Há tempos eu não caminhava assim, de manhã bem cedo, entre árvores e pássaros. Havia planejado o meu dia, que finalmente seria mais tranquilo. Ao chegar em casa minha filha recebeu-me com um sorriso aberto. Ela tinha uma surpresa para mim. Uma surpresa que modificaria todos os meus planos para aquele dia calmo. Filhos... Não são eles que enchem a nossa vida de lágrimas e risos, idas e vindas, chegadas e partidas? Não são eles que embaralham todas as peças do nosso quebra-cabeça cuidadosamente encaixado, quebram a nossa rotina certinha e planejada, desestruturam tudo e todos, fazendo-nos voltar os olhos cada vez mais de dentro para fora, como uma flor que desabrocha e pouco depois se curva murcha e descorada, mas só que em sentido inverso? Ah! Filhos... Viver sem nunca tê-los tido é como viver em duas dimensões apenas. E não me refiro apenas aos filhos biológicos, mas também aos filhos da alma. Cuidar de outros é algo custoso que requer de nós sacrifício e desprendimento e por isso mesmo traz recompensas imensuráveis. Pois os filhos, sejam eles biológicos ou filhos do coração, alargam nossa visão de mundo e nos ensinam uma dimensão da vida que só pode ser conhecida por quem se dispõe a pagar o preço. Não tive como recusar. Era uma tarefa urgente, ninguém mais poderia fazê-la. Aceitei contrariada a princípio, com um peso no coração, o qual tentava inutilmente ocultar.

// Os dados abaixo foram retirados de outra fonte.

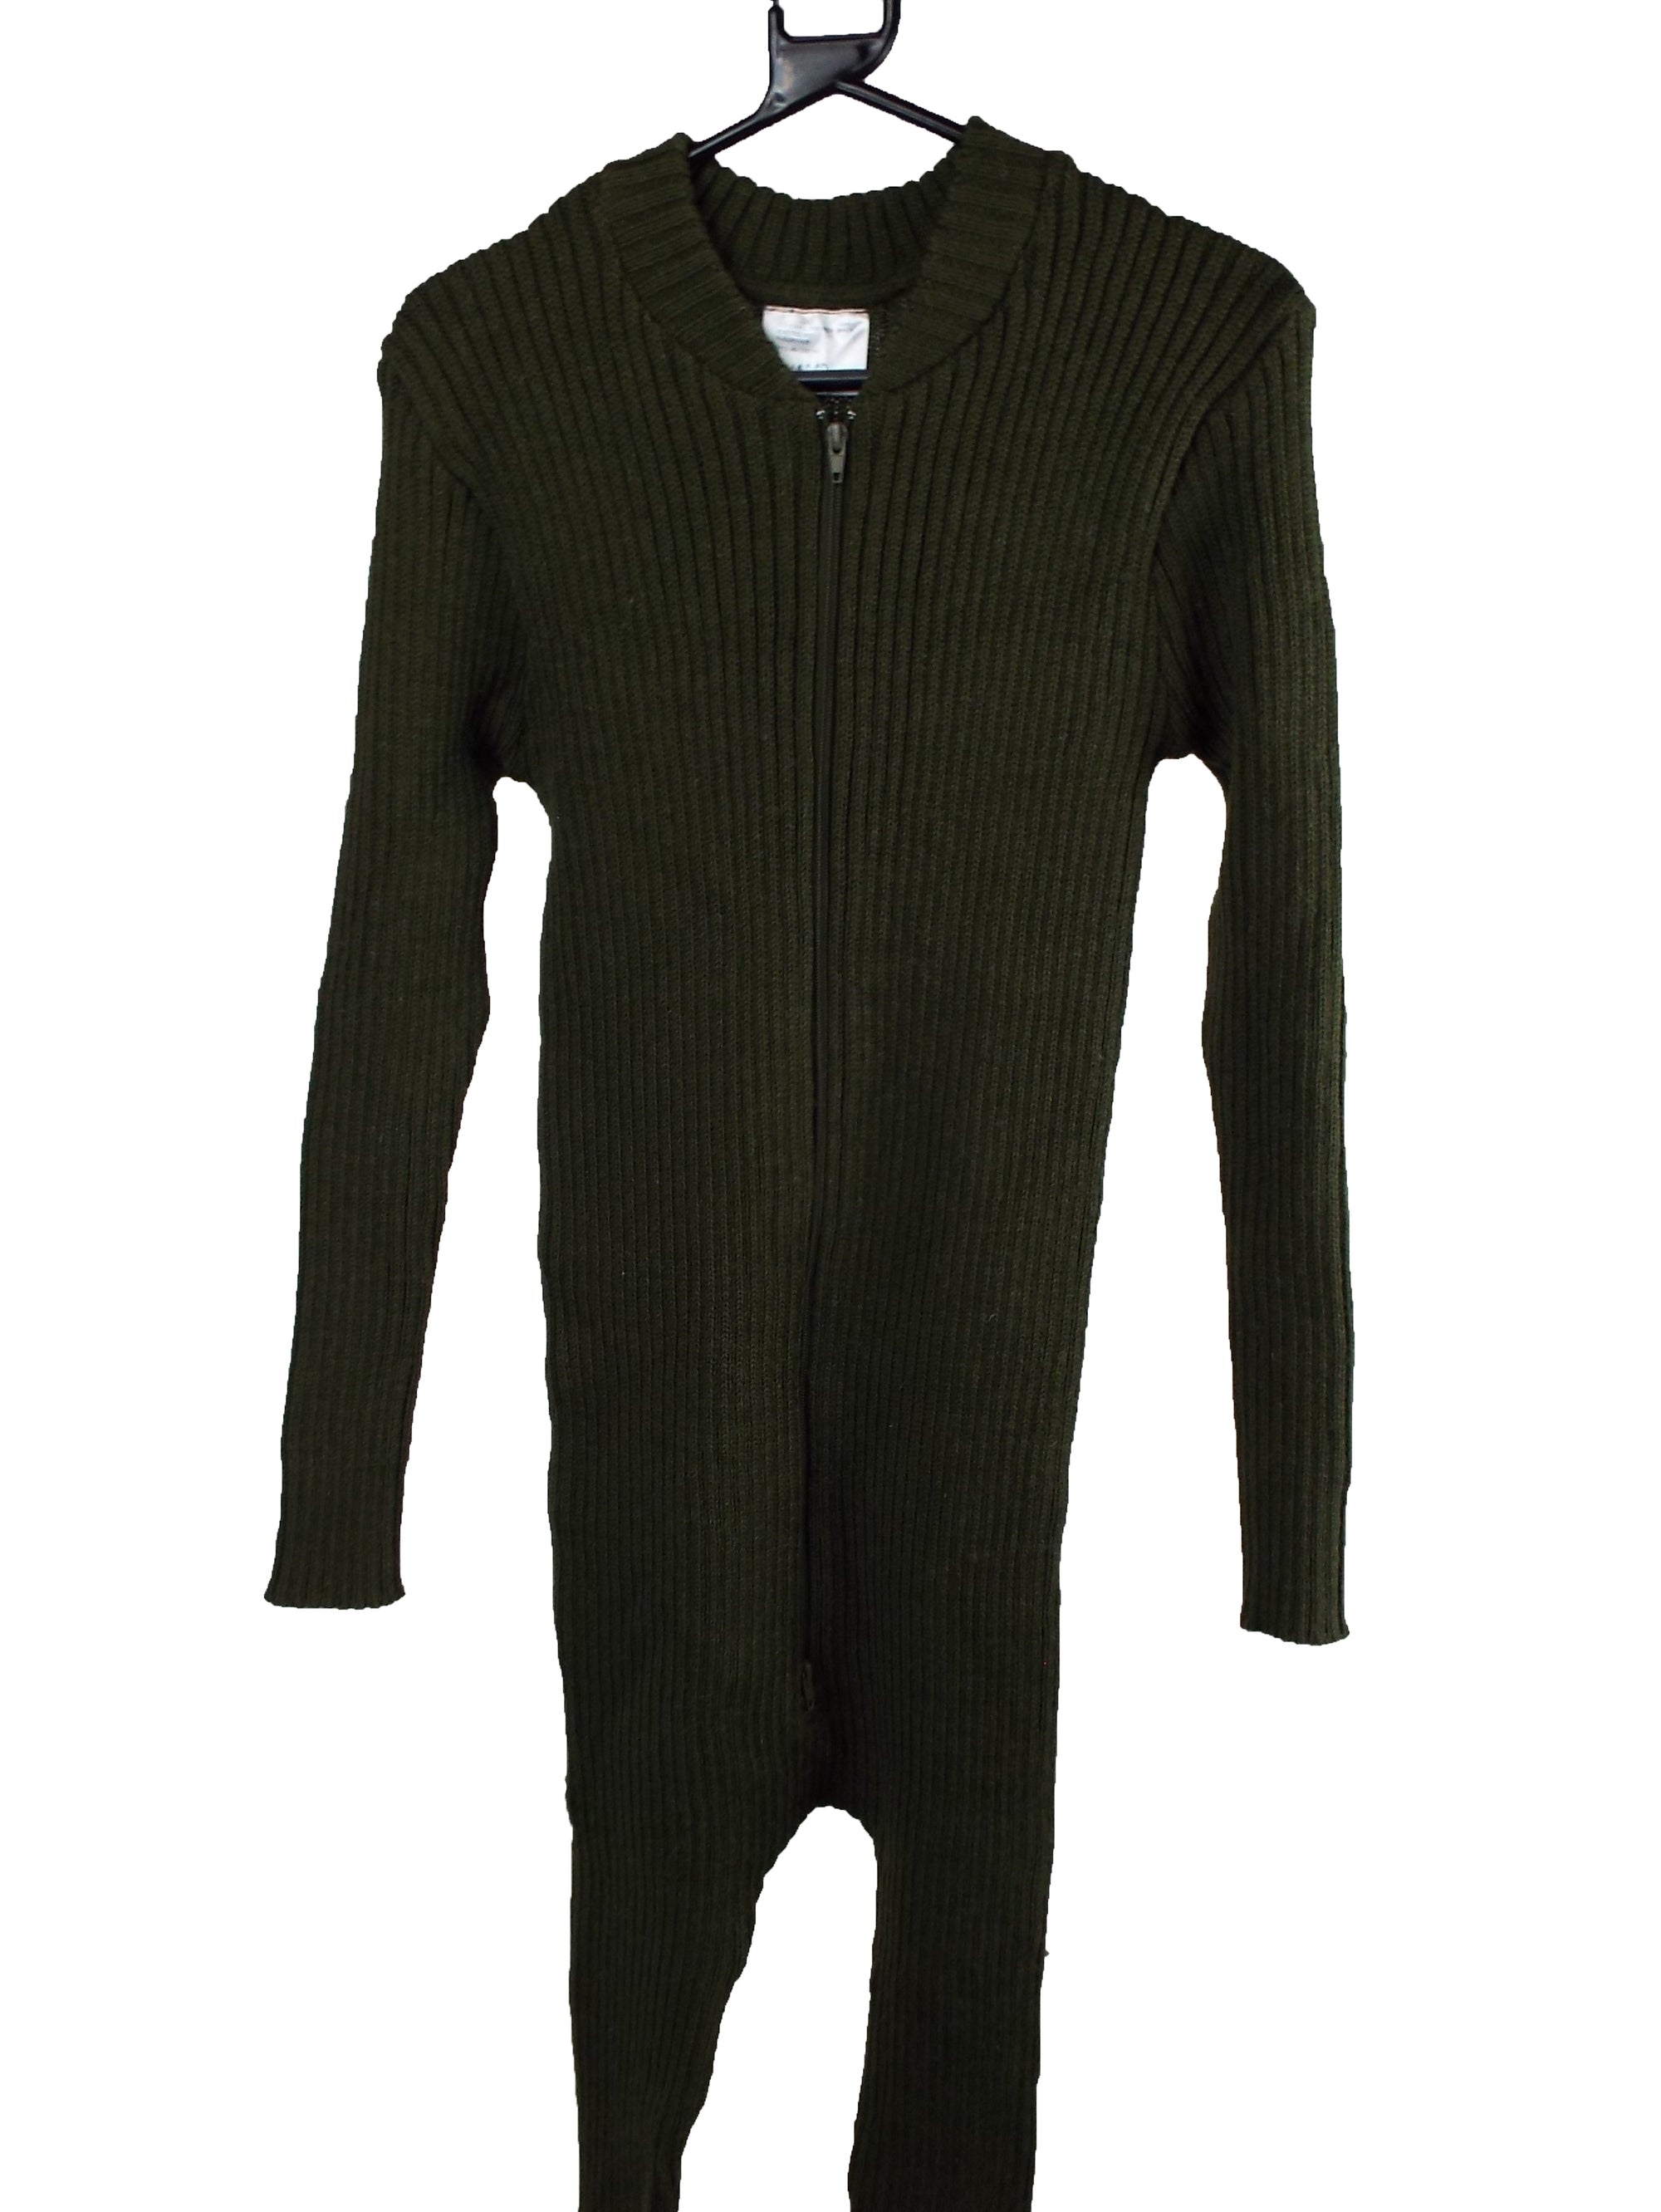 Dutch Army - Flight Suit Thermal Layer - Knitted "Onesie"- RAR
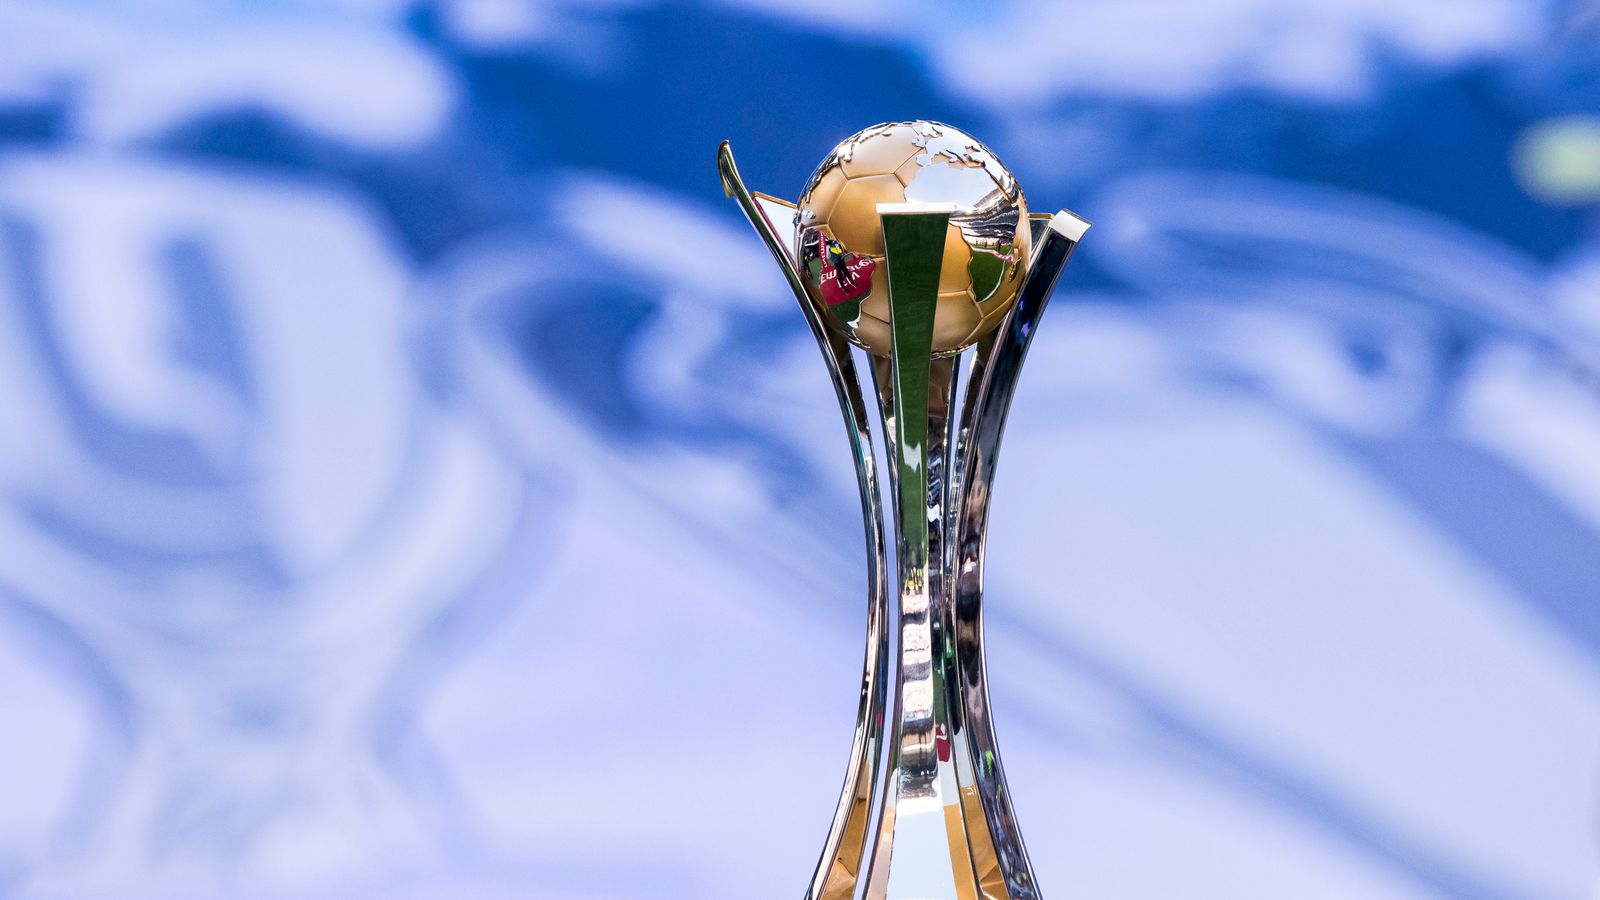 FIFA Club World Cup moved to February 2021 due to coronavirus

Foi um dia repleto de alfinetes coloridos, fita métrica, tesoura, tecido, linha e agulha. Medir, cortar, zig-zag, a agulha sobe e desce perfurando o tecido vezes sem conta enquanto o ponteiro do relógio desenha círculos e mais círculos – ao todo dez e meio. Na medida em que a geometria monótona vai se delineando rapidamente, na ampulheta da alma o rancor vai escoando lentamente. A areia densa e escura move-se com dificuldade através da passagem estreita e ali ela se processa de forma quase que imperceptível tornando-se branca, leve, fina e adquirindo certa dose de brilho.
Quando os dois ponteiros se cumprimentaram apontando o céu, encontrava-me exausta, porém realizada. Nós havíamos conseguido. Com a ajuda dos que me são mais queridos a tarefa foi terminada e a recompensa maior foi o sorriso daquela perturbadora e adorável mocinha que me desafiou a sair da minha confortável situação para viver o inusitado transformador.